Indicando a importância do mercado brasileiro para as operações da empresa, a divisão nacional da HP realizou um evento na manhã desta terça-feira (22) para dar uma prévia da sua nova linha de workstations mobile e de novidades na sua família de multifuncionais para o setor profissional. A leva de produtos a chegar muito em breve ao mercado brasileiro alia desempenho, durabilidade e, acima de tudo, ganhos na produtividade do consumidor.

Quem deu início ao papo durante o encontro foi Antonio Brunetti, gerente de workstations da HP Inc. Brasil, que falou um pouco da tradição da companhia nesse mercado das poderosas estações de trabalho.

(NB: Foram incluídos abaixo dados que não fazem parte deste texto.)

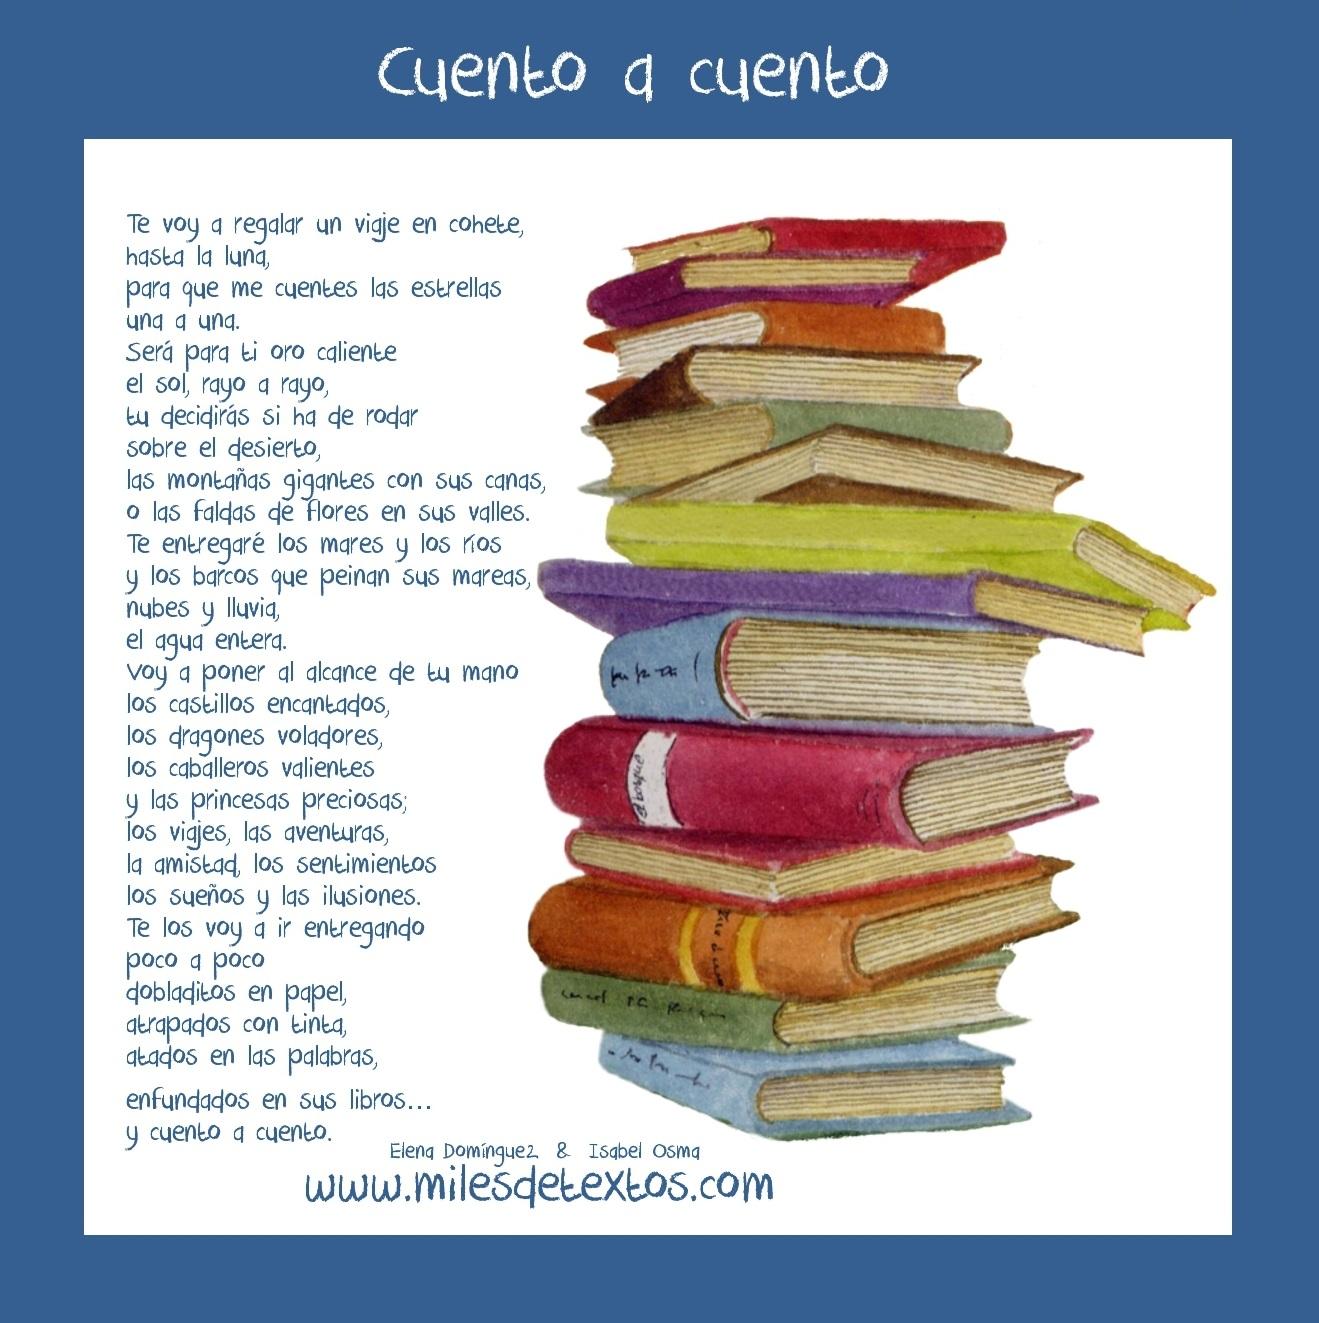 Cuentos. Miles de textos. www.milesdetextos.com. Poesía

Afirmando que a marca oferece o portfólio mais completo do segmento já há um bom tempo, o executivo falou um pouco sobre a linha ZBook, que incorpora os computadores portáteis prontos para satisfazer o usuário que busca por performance, confiabilidade, inovação e mobilidade em itens feitos sob medida.

Brunetti falando sobre o histórico da família ZBook.

Segundo Brunetti, a base atual desse nicho de dispositivos é o trio formado por engenharia, arquitetura e construção, setores que dependem muito de um hardware forte, robusto e capaz de lidar com o processamento de arquivos e projetos pesados. Apesar disso, ele também descreveu que o público dessa série de notebooks de ponta é bastante amplo, indo desde o chamado power user até as empresas mais exigentes. A HP pode oferecer para segmentos como o geoespacial, por exemplo, máquinas com 2 TB de RAM e CPUs de 36 núcleos.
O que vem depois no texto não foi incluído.